Technical information
- Licensing authority: FCC
- Facility ID: 51597
- ERP: 487 kW
- HAAT: 285 m (935 ft)
- Transmitter coordinates: 38°2′3″N 84°23′39″W﻿ / ﻿38.03417°N 84.39417°W

Links
- Public license information: Public file; LMS;

= WTVQ-DT =

Television station in Lexington, Kentucky

WTVQ-DT (channel 36) is a television station in Lexington, Kentucky, United States, affiliated with ABC and MyNetworkTV. It is owned by the E. W. Scripps Company alongside NBC affiliate WLEX-TV (channel 18). The two stations share studios on Russell Cave Road (KY 353) in Lexington and transmitter facilities on the outer loop of Man o' War Boulevard (KY 1425) in the Brighton section of Fayette County (adjacent to WTVQ-DT's former studios).

The station began broadcasting on channel 62 as WBLG-TV in 1968 and has been an ABC affiliate for its entire history. It changed its call sign to WTVQ in 1973 and moved to channel 36 in 1980. With the exception of most of the 1990s, the station's local newscasts have generally rated third out of the four main TV newsrooms in Lexington. Scripps acquired WTVQ from Morris Multimedia in 2026.

==History==
=== WBLG-TV ===

==== Construction ====
On October 8, 1965, WBLG-TV, Inc. filed an application with the Federal Communications Commission (FCC) to build a new television station on channel 62, the last commercial frequency available in the Lexington market. WBLG-TV, Inc. was a 50-50 partnership between Lexington-area businessman Roy White and Reeves Broadcasting Corporation.
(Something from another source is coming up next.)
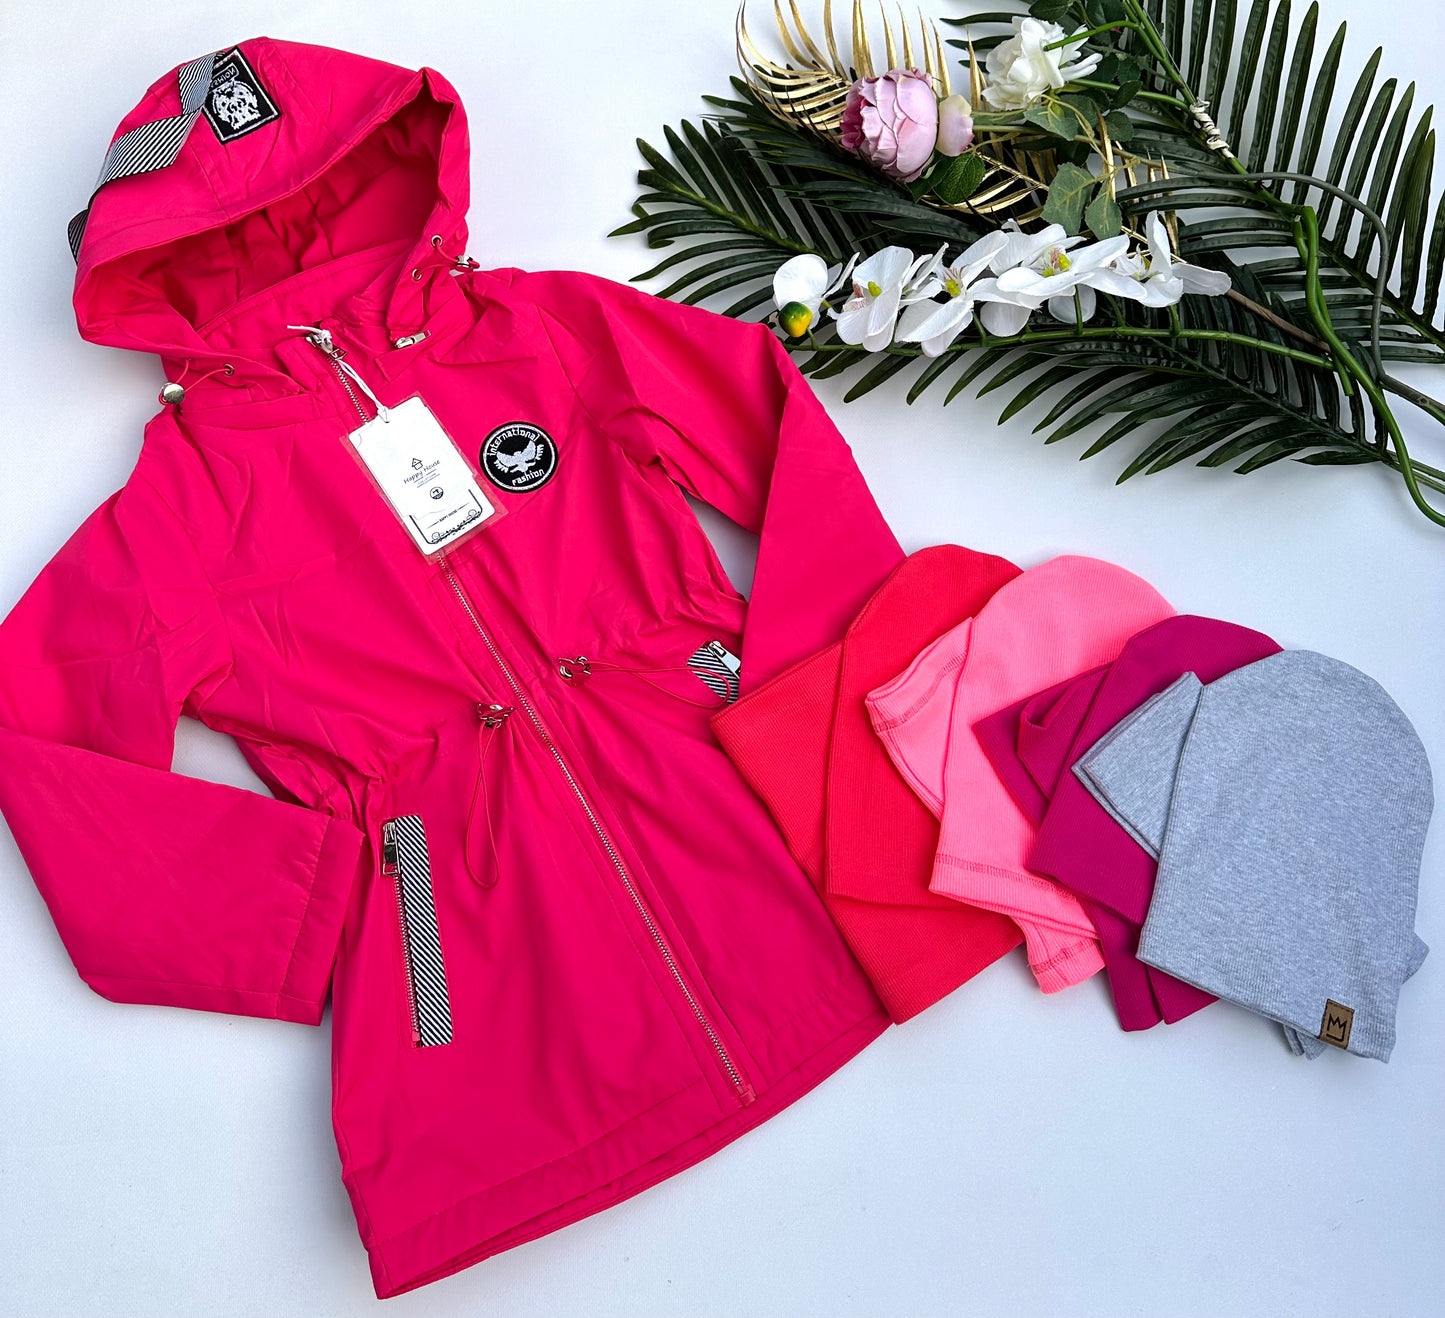 Pink spring parka jacket

White already owned local radio station WBLG (1300 AM) and would act as the entity's new president and general manager. Reeves chairman J. Drayton Hastie served as the chairman of WBLG-TV, Inc. Reeves owned WOWK-TV in Huntington, West Virginia, and WCBD-TV in Charleston, South Carolina, as well as radio stations in Baltimore. The owners estimated the cost of constructing the station would be in excess of $1 million, and the station would be equipped to broadcast in color from the start.

On June 24, 1966, WBLG-TV's application was designated for hearing alongside a competing application from Kentucky Central Life Insurance Company (owner of WVLK radio). However, on January 27, 1967, Kentucky Central Life announced that it would purchase existing station WKYT-TV (channel 27) from Taft Broadcasting for $2.5 million, signaling its exit from the channel 62 hearing. With no other applicants for the channel 62 allocation, the FCC granted initial approval of the station's application on July 28, 1967.

Architectural rendering of WBLG-TV's original broadcast facilities, in use by the station from its launch until 2026.

Meanwhile, the WBLG-TV partnership acquired land at the intersection of Winchester Pike and Bryant Road (now Man o' War Boulevard), which would serve as the new studio and transmitting facilities for the station. As the area surrounding the proposed site was primarily agricultural in nature, having previously been used as a farm, the land needed to be rezoned before construction could begin. Approval for the rezoning came on November 10, 1967, despite objection from two local residents who lived near the proposed location. Central to their complaints was the proposed 990 ft tower, which they felt was "unsightly"; they were also concerned that the tower might fall. Approval was granted on the condition that the entrance/exit to the station be on Bryant Road only and that screening devices be provided between the station and adjacent residences. The building permit for the actual building then came on December 12, 1967, with approval being granted for a one-story structure on the site, built at a cost of $149,000.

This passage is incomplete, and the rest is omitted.